Drive Train Cooling Options for Electric Vehicles
1 Fujikura Automotive Europe GmbH, Manchinger Strasse 114, Ingolstadt, D-85053, Germany
2 Fujikura Ltd., 1-5-1 Kiba, Koto-Ku, Tokyo, 135-8512, Japan
* Corresponding Author: Randeep Singh. Email:
Frontiers in Heat and Mass Transfer 2024, 22(3), 703-717. https://doi.org/10.32604/fhmt.2024.050744
Received 16 February 2024; Accepted 15 May 2024; Issue published 11 July 2024
Abstract
Electrification of vehicles intensifies their cooling demands due to the requirements of maintaining electronics/electrical systems below their maximum temperature threshold. In this paper, passive cooling approaches based on heat pipes have been considered for the thermal management of electric vehicle (EV) traction systems including battery, inverter, and motor. For the battery, a heat pipe base plate is used to provide high heat removal (180 W per module) and better thermal uniformity (<5°C) for the battery modules in a pack while downsizing the liquid cold plate system. In the case of Inverter, two phase cooling system based on heat pipes was designed to handle hot spots arising from high heat flux (~100 W/cm)–for liquid cooling and provide location independence and a dedicated cooling approach-for air cooling. For EV motors, heat pipe-based systems are explored for stator and rotor cooling. The paper also provides a glimpse of development on high-performance microchannel-based cold plate technologies based on parallel fins and multi-layer 3D stacked structures. Specifically, this work extends the concept of hybridization of two-phase technology based on heat pipes with single-phase technology, predominately based on liquid cooling, to extend performance, functionalities, and operational regime of cooling solutions for components of EV drive trains. In summary, heat pipes will help to improve and extend the overall reliability, performance, and safety of air and liquid cooling systems in electric vehicles.Graphic Abstract
Keywords
Nomenclature
Rt | Thermal resistance, °C/W |
T | Temperature, °C |
Heat flow, W | |
Subscripts | |
h | Hot side |
c | Cold side |
Electric vehicles consist of electric-based propulsion that comprises of battery pack, inverter assembly, and motor as the principal components to aid in traction of the vehicle. These vehicle powering systems are supported by secondary parts for power transfer (cables), power conversion (Inversion, conversion), and charging of battery (on-board or induction charger, port for charging). Fig. 1 presents a simplified form of a vehicle electric power train with a charging system from the inlet port to the battery, and a discharging system (or traction system) from the battery to the motor [1–5]. In Fig. 2, the heat output from different components of the traction system is presented, along with automotive electronics (e.g., display, headlamp, ECU) for comparison purposes. It can be seen that power systems cover a wide range of load-distance spectrum with the general trend towards high power and longer heat transfer distances. In other words, thermal solutions for electric vehicles will need to be developed to handle high flux and transfer high power over significant distances while satisfying robust structural quality. Such requirements are unique for two-phase and single-phase systems originally developed for consumer and high-performance stationary electronics. Thus, it is necessary to focus on the development of high-performance, modular, and dedicated thermal systems for electric vehicles.

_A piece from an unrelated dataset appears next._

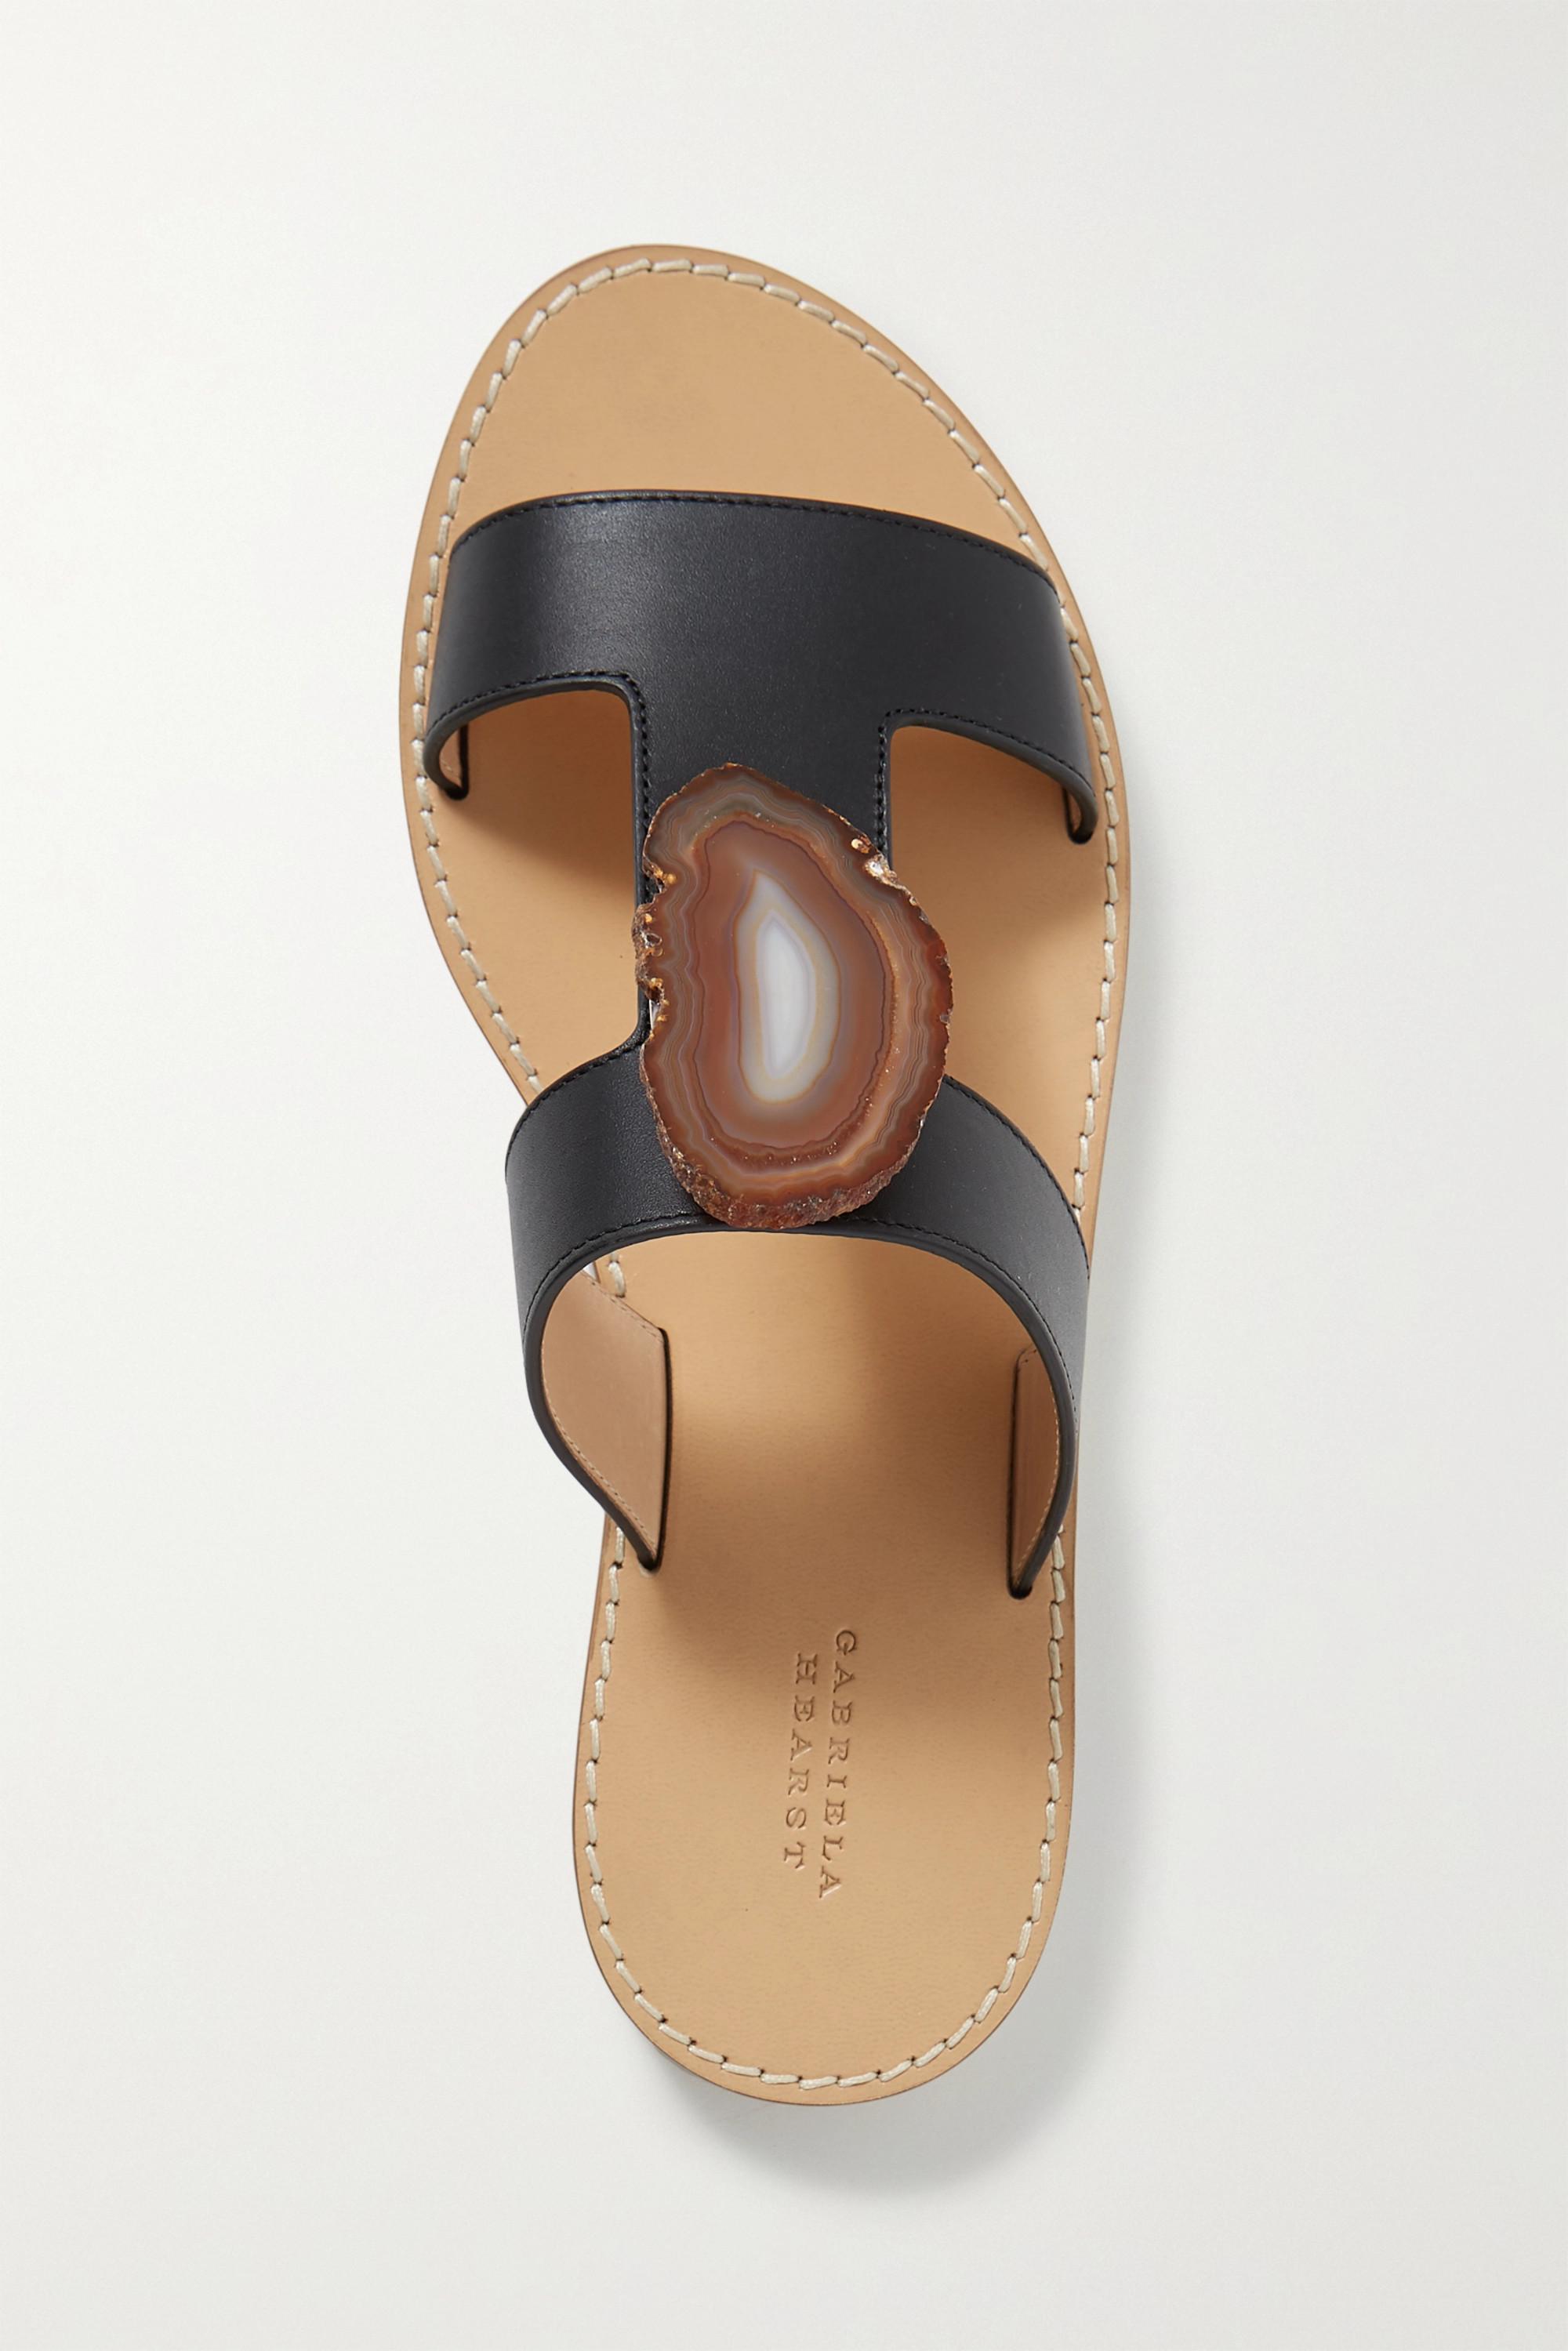 Gabriela Hearst Hades embellished cutout leather sandals

Electric vehicles, in contrast to engine vehicles, have more specific and specialized cooling needs. Specific needs because of the high sensitivity of electronics and electrical systems to temperature. Engine vehicle generally uses materials, which have high tolerance to wider temperature ranges. Specialized needs because of exclusive requirements and design customization needed per system functionalities and specifications. For example, EVs typically require cooling solutions for high-voltage systems with isolation needs to prevent short-circuiting. New-generation optical systems in headlamps and displays have low-temperature requirements to maintain good optical performance from such devices. EVs are predominately built out of electronic/electric systems that are made of materials that are thermally sensitive to temperature for performance and structural integrity. Additionally, there is a general trend in automotive, including engine vehicles, towards higher electrification arising from autonomy and computerization of vehicular functions. Therefore, overall cooling requirements in automotive are on the rise.
As stated earlier, the overall electric propulsion system consists of an electric systems (like cables, connector, fuse, motor), an electronic systems (like inverter, converter, OBC), and an electrochemical systems (like Li-ion batteries). Each of these categories has very specific cooling requirements due to the different materials and functions of these systems. Additionally, each system even in similar categories has diverse thermal challenges owing to its electrical architecture (or simply design), location in the car (front, back, in-cabin, under-cabin), and cooling method (air-base, liquid-base, conduction to chassis). Cooling requirements of these devices could be dictated by material temperature limits (SiC chips have higher temperature limits than Si chips), the criticality of the system (autonomous drive system need higher redundancies than infotainment system), and sometimes mere system cost (high cooling performance to avoid replacement costs).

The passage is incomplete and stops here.